New legislation and questionable metrics could make life harder for WeChat marketers
Tencent's increasingly popular WeChat messaging platform is now facing a number of challenging issues. Firstly, new legislation restricts public users from posting news content without first obtaining a license, which may turn some users off the service.
Number crunching on WeChat Image: WeChat |
Secondly, "liking" services available on Taobao is now escallating dramatically, causing marketers to question the validity of re-post statistics.
China's latest round of internet regulation states that only registered news agenices and websites will be allowed to post original news content on public accounts (like WeChat). Others will need to secure a permit from the State Internet Information Office to do so.
This may be bad news for the 5.8m content providers on the popular service, as well as for marketers looking to share links to news content relevant to their brands.
Monitoring "page views" and "likes" is perhaps one of the most convenient ways to monitor engagement in online content and assess the reach of one's brand. However, a recent boom in services that allow marketers to purchase "likes" on Taobao.com, a popular e-commerce site, are calling these metrics into question.

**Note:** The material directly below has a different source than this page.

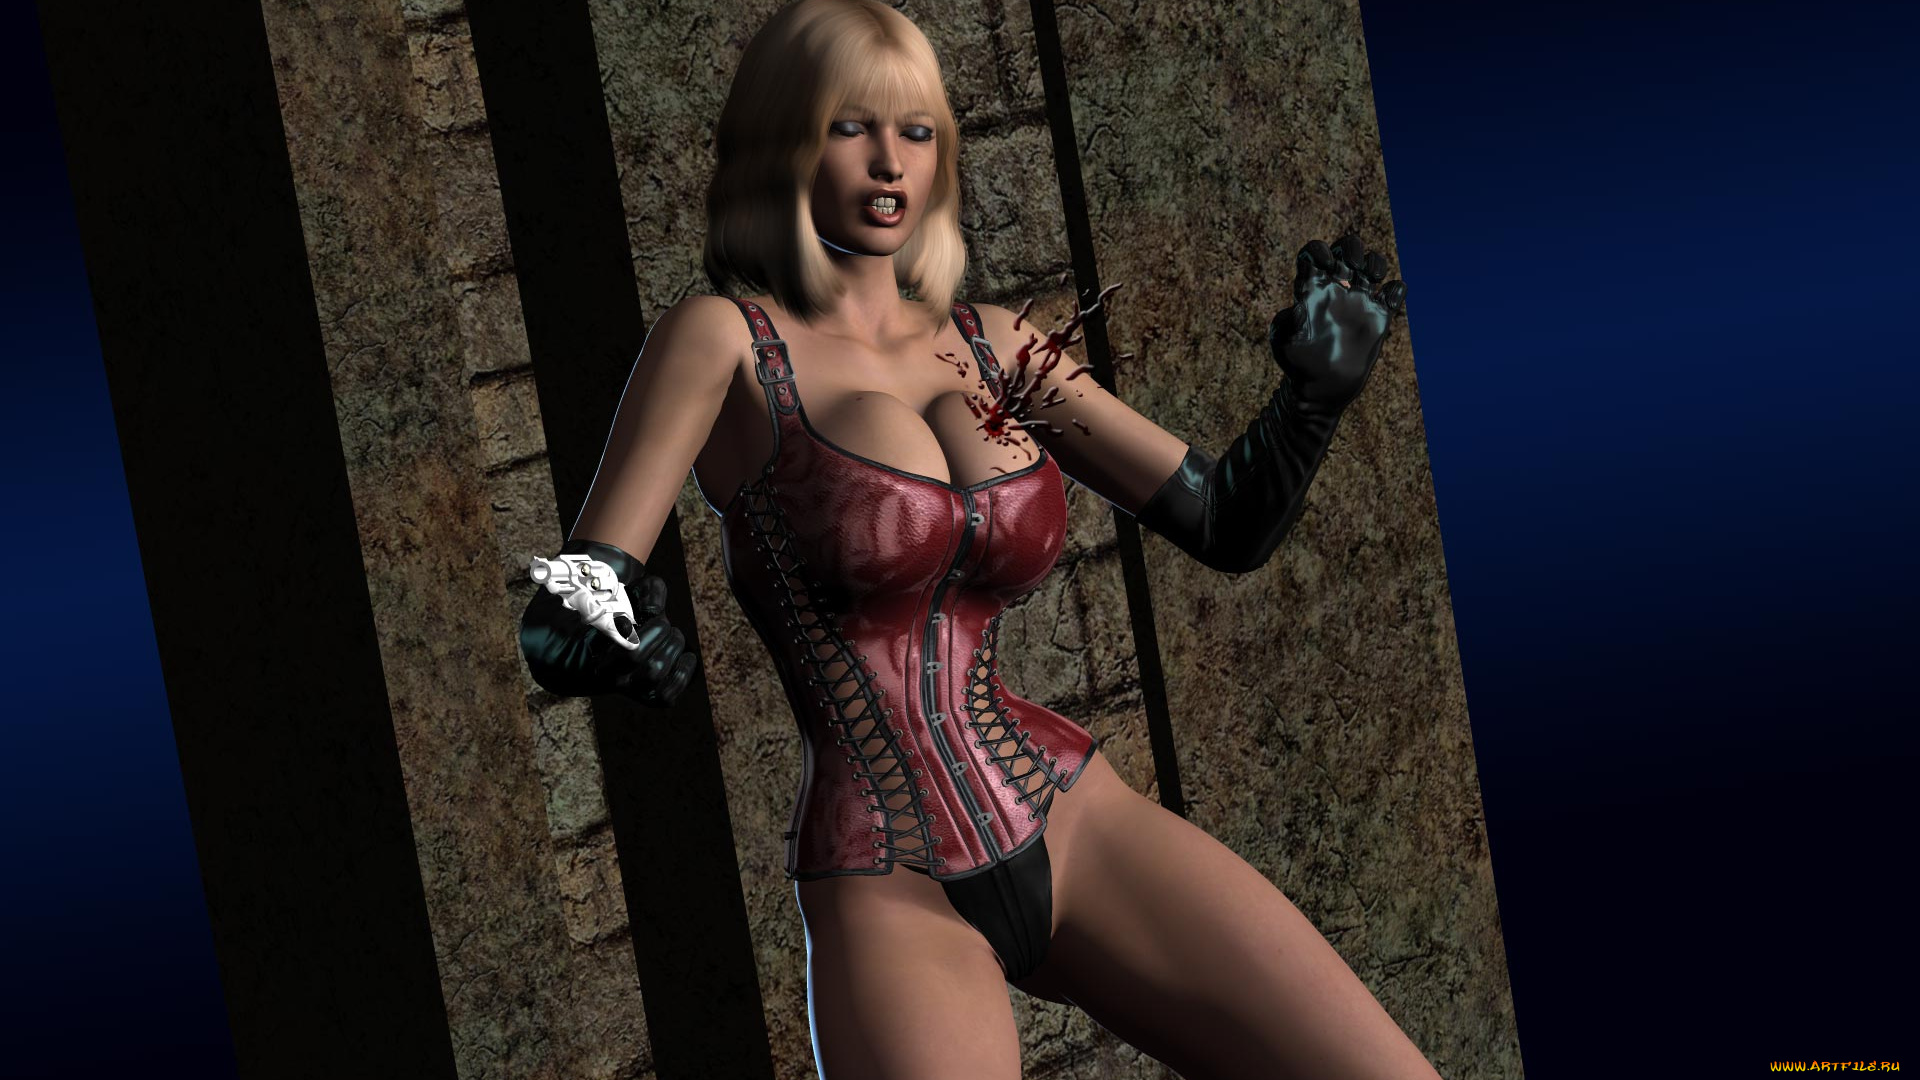 Playboy nancy erminia nude

While money can't buy you love, at the very least it can buy a few thousand likes. China Internet Watch, a news service, exhibits a case study where a user purchased 1,000 "likes" for as little as 10 yuan ($1.6) and received more than 50 "likes" in less than half an hour. Tencent claims to have safeguards in place to prevent this kind of activity, however, marketers should be aware of other metrics that are perhaps less open to manipulation.